Alice: That's what is up for debate here. Democracies have been built with keeping one major threat in mind: that the government might turn bad. That's why we have checks and balances, the guarantee of a free press and constitutional rights such as freedom of speech and the right to privacy. For that matter, even German judges oppose encryption backdoors .
Bob: But the right to privacy does not equal the right to encryption!
Alice: On the other hand, what is encryption? It's like a secret language that no one listening in on the conversation can understand. If we outlaw encryption online, couldn't criminals still make up their own secret language?
Bob: Yes, that's true. But at least law enforcement would then be able to ask for the data and see what they can do with it.
Alice: Isn't that already the case with encrypted data?
Alice and Bob could continue this conversation forever because they are going in circles. The problem - and that is what politicians like to keep out of the discussion completely - is that encryption can not be outlawed.
The above conversation tries to argue the pros and cons of backdooring encryption. However, any pro must be rejected if you keep the fact in mind that encryption as such - the technology to encrypt data end-to-end - cannot be stopped. So any attempt by governments to weaken encryption in certain services will never achieve what is supposed to be achieved: to stop criminals from using encryption.
The inconvenient truth is that weakening encryption will only weaken it for law-abiding citizens, not for criminals. Instead of asking for encryption backdoors and enabling general mass surveillance, politicians and law enforcement agencies should focus on other investigation techniques.
It's like the famous quote by Phil Zimmermann: "If privacy is outlawed, only outlaws will have privacy."
Even if you weaken encryption in certain online service, criminals can still make up their own secret language or develop their own encrypted apps that are not circulated via standard Play Stores. Criminals could even use Thunderbird's built-in email encryption.
In the crypto war discussion, we often hear the request to implement backdoors for the 'good guys only'. However, such a backdoor for the good guys only is, unfortunately, impossible.
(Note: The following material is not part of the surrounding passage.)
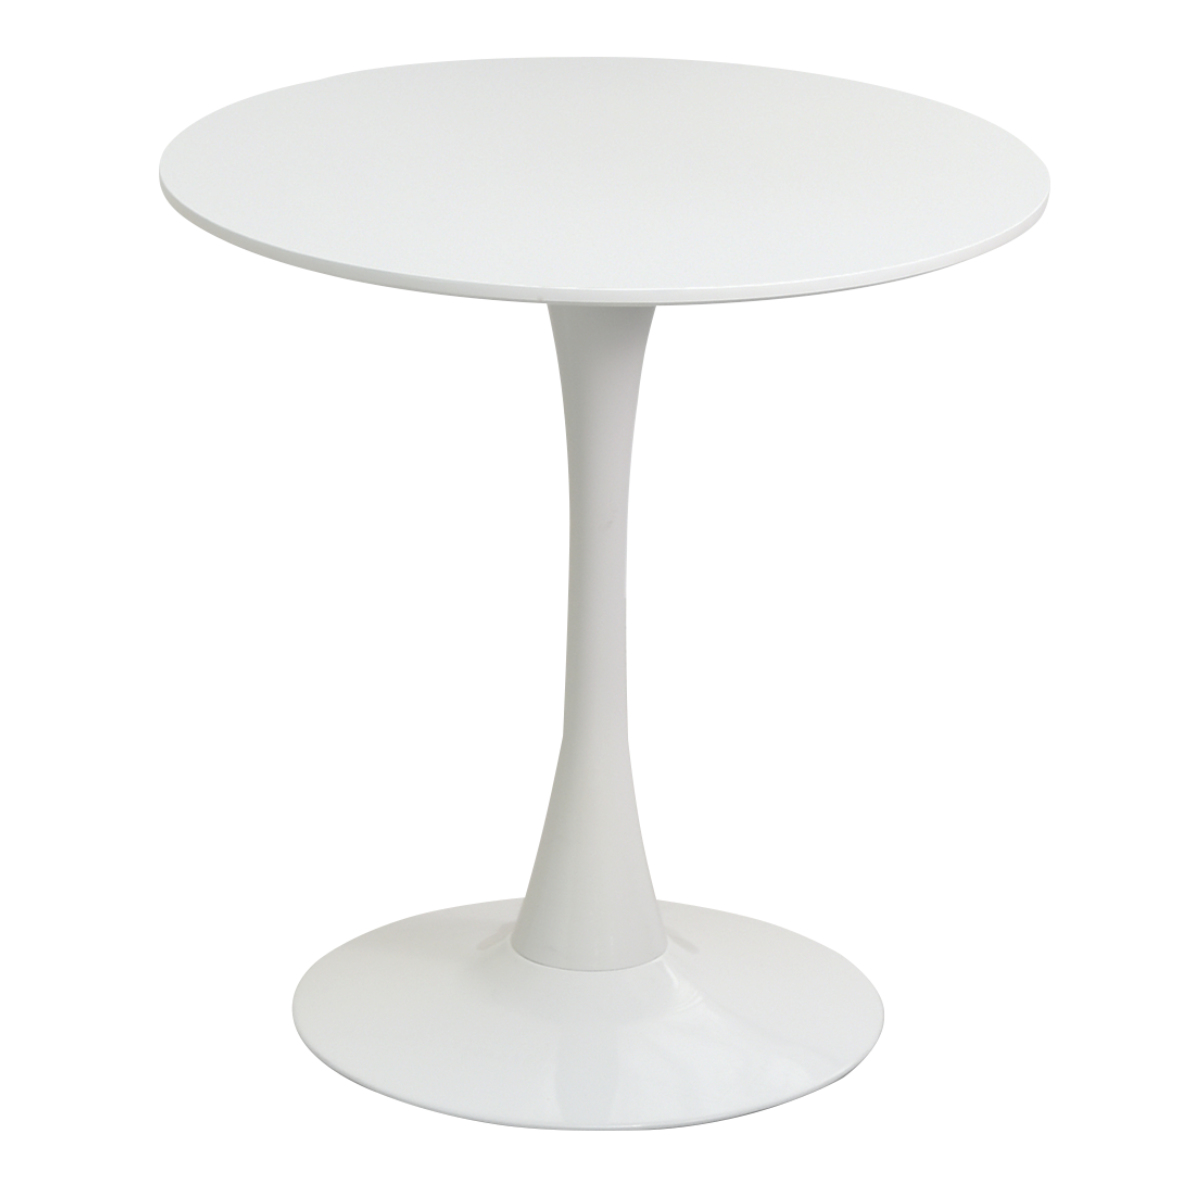 丸テーブル サイドテーブル 丸 ダイニングテーブル ラウンド 幅カフェテーブル

Besides the risk of rogue employees, it is impossible to define who the 'good guy' is. Given we had a decryption key for the 'good guys', how would you make sure that the good guys never turn bad? How would you make sure that the good guys never abuse their power? How would you make sure that such a general decryption key never leaks into the wrong hands? To illustrate the last point, here are some famous backdoor fails.
There are many examples worldwide that prove the fact that the government can not be equated with the good guy. If European service providers were forced to implement backdoors for government access, how would you protect the data of opponents, of activists, of journalists in countries that do not adhere to the rule of law, such as Hungary, Russia, China, etc.?
Zach Weinersmith has made an awesome comic, showing what it would mean if the government had a universal key to our online communication - also in democratic countries:
We have to accept that encryption is binary: It is either 'on' or 'off'. There is no inbetween.
To come to a conclusion to this question, we must ask the following:
How much surveillance can a democracy endure?
In what kind of society do we want to live?
The question of how we could develop a master key for the "good guys" is a sham discussion designed to distract from these real questions.